Below, Elordi chats with The Awardist about making Frankenstein, and he looks back on The Kissing Booth and Saltburn, and teases what's to come in Euphoria.
THE AWARDIST: Take me back when you first met with Guillermo for this. I'm sure there's a temptation to say, "Yes, of course. I'll do anything you want me to do." But knowing who he wanted you to play and what would be required of this, not just emotionally, but physically what you would have to do with prosthetics and all of that, what thoughts and questions and perhaps hesitations were running through your head?
JACOB ELORDI: I would play anything in the film, but there is only one character that I wanted to play in Guillermo's Frankenstein, and that's the Creature. So there's no hesitation in that regard. The only thought that I can remember having before I'd even gotten the script was that -- and I shouldn't have doubted it, knowing Guillermo -- but was that the Creature may be nonverbal and may be so sort of conceptual and hidden under this thing, obviously there's always a performance in those creatures, but just that I wouldn't be able to maybe articulate the sort of existential crisis that the Creature's having. And then, as soon as I read the script and he said, 'Now, I'll tell you my tale," and I realized there was still this much script to go. I was like, oh, wow, this is the Creature as it is in Mary Shelley's text.
When we spoke previously, you told me, I want to quote you here, that you "see a lot of myself behind closed doors" when you look at yourself in the movie. I think the Creature is misunderstood, certainly sensitive in ways we wouldn't expect this Creature to be. Based on what you told me, in what ways do you feel you are misunderstood? What did you innately understand about him in that way?
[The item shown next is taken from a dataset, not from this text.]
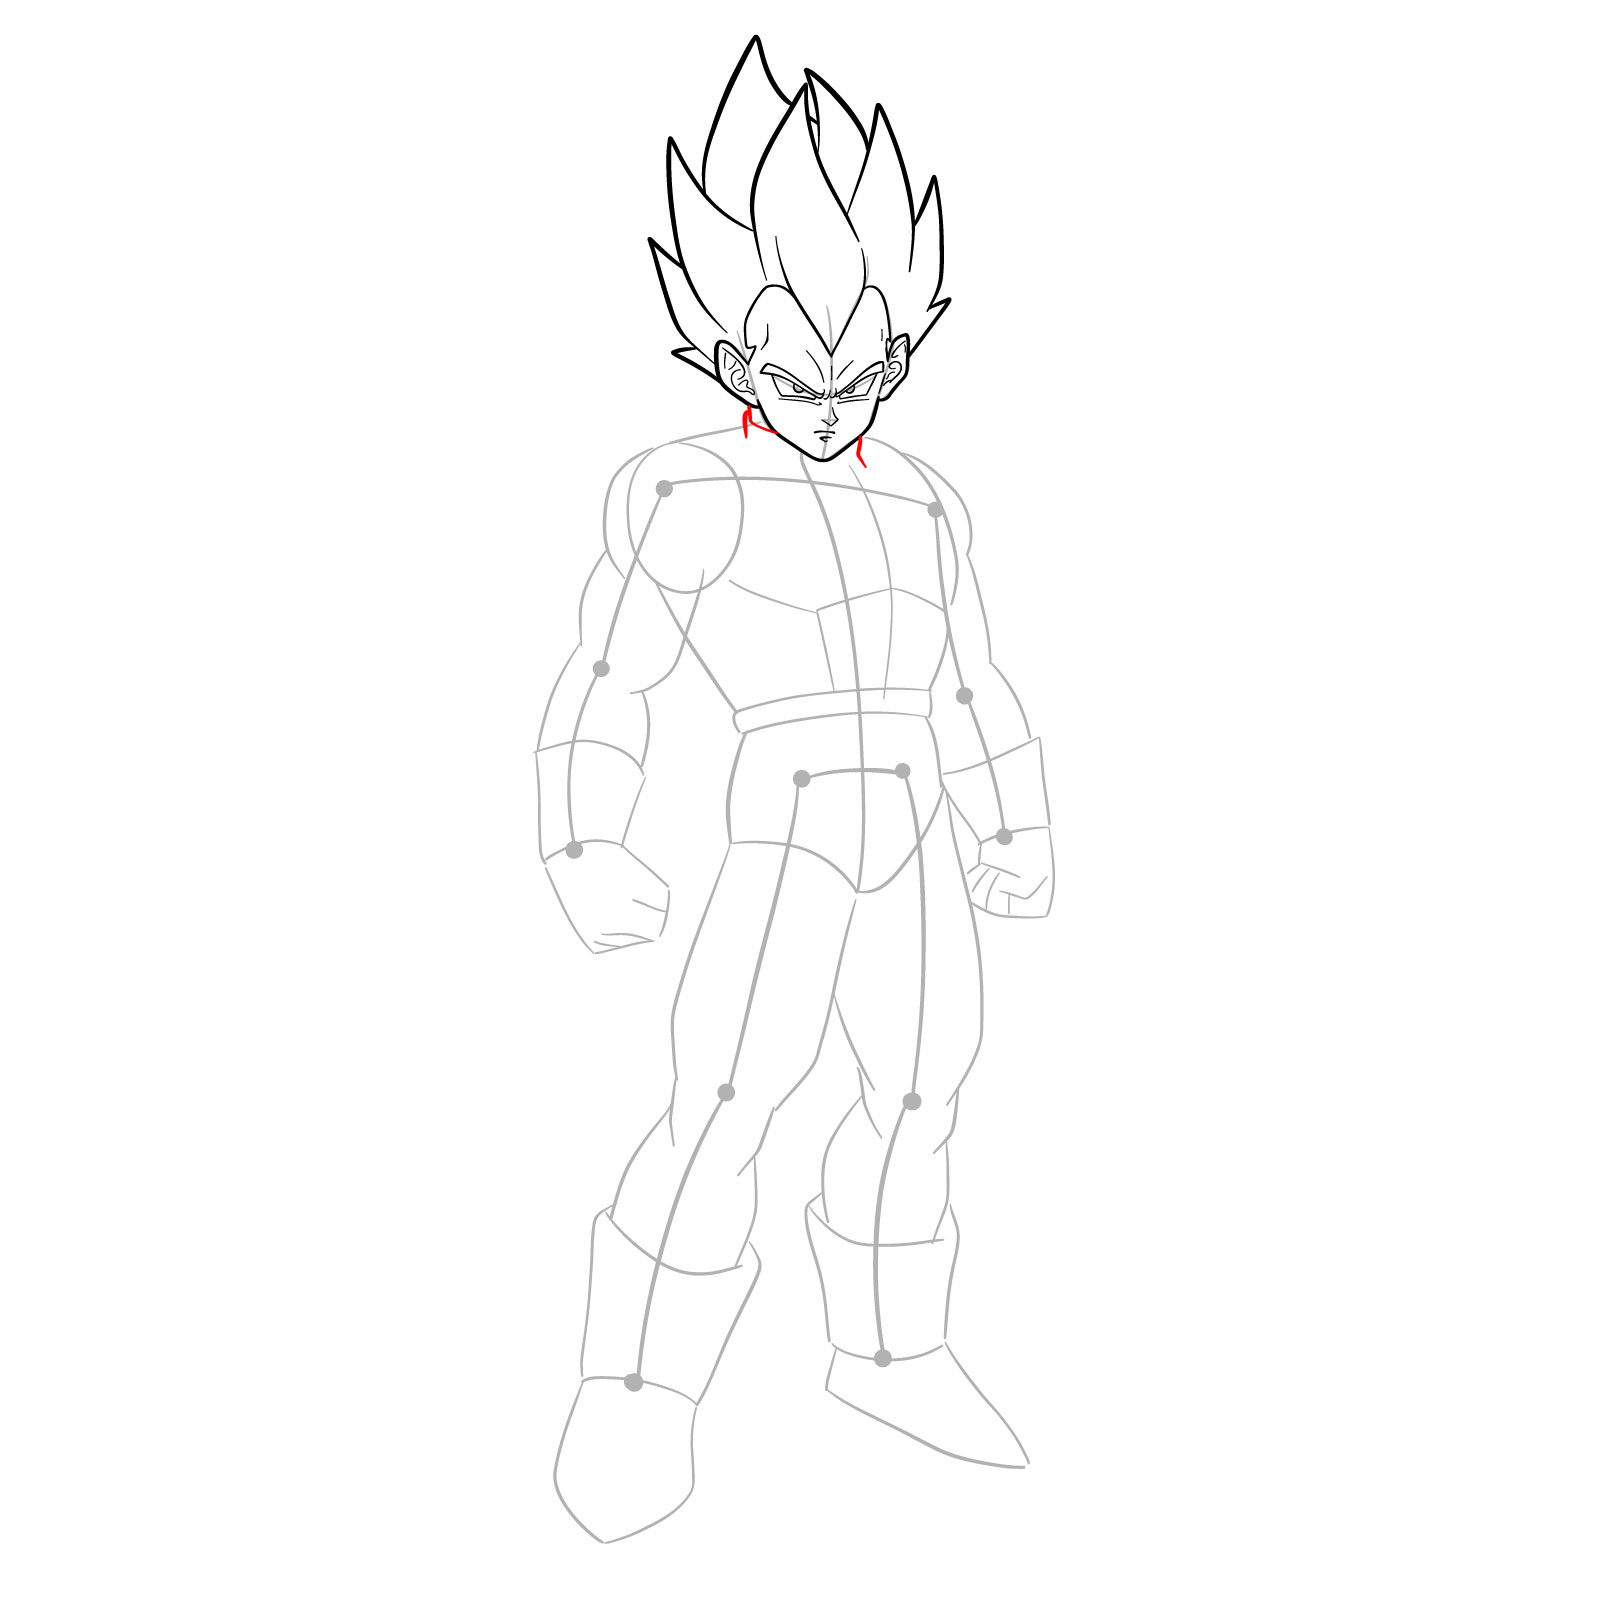 How to draw Vegeta in SSGSS - step 17

I'd say it's probably just the very general universal ego that we all have, thinking that we're the sort of main thing in a story, so we all feel like we're misunderstood in some kind of way. If I say, "I understand the suffering of the loneliest creature in the world," the parallel doesn't really work. But I think just in a very general way, the feeling you have the first time you wake up and you feel the repetition of everything, or when your sort of innocence goes from childhood, when you first see somebody do something cruel, all those kinds of things. When I played him, I was in this big sort of three-story gothic house by myself, and I got to sort of turn it into a dungeon, so it became personal because I was stuck inside a house with no one to talk to in Toronto. So everything started to mimic it, but in a way that it needed to, because it's not the kind of film where you can call your friends and have a nice weekend, or, you don't really wanna step out of that character in that kind of state, because if you become too modernly human outside of filming, it would sort of bleed into the purity, I guess, of the character. I think I'm still processing the personal part of it.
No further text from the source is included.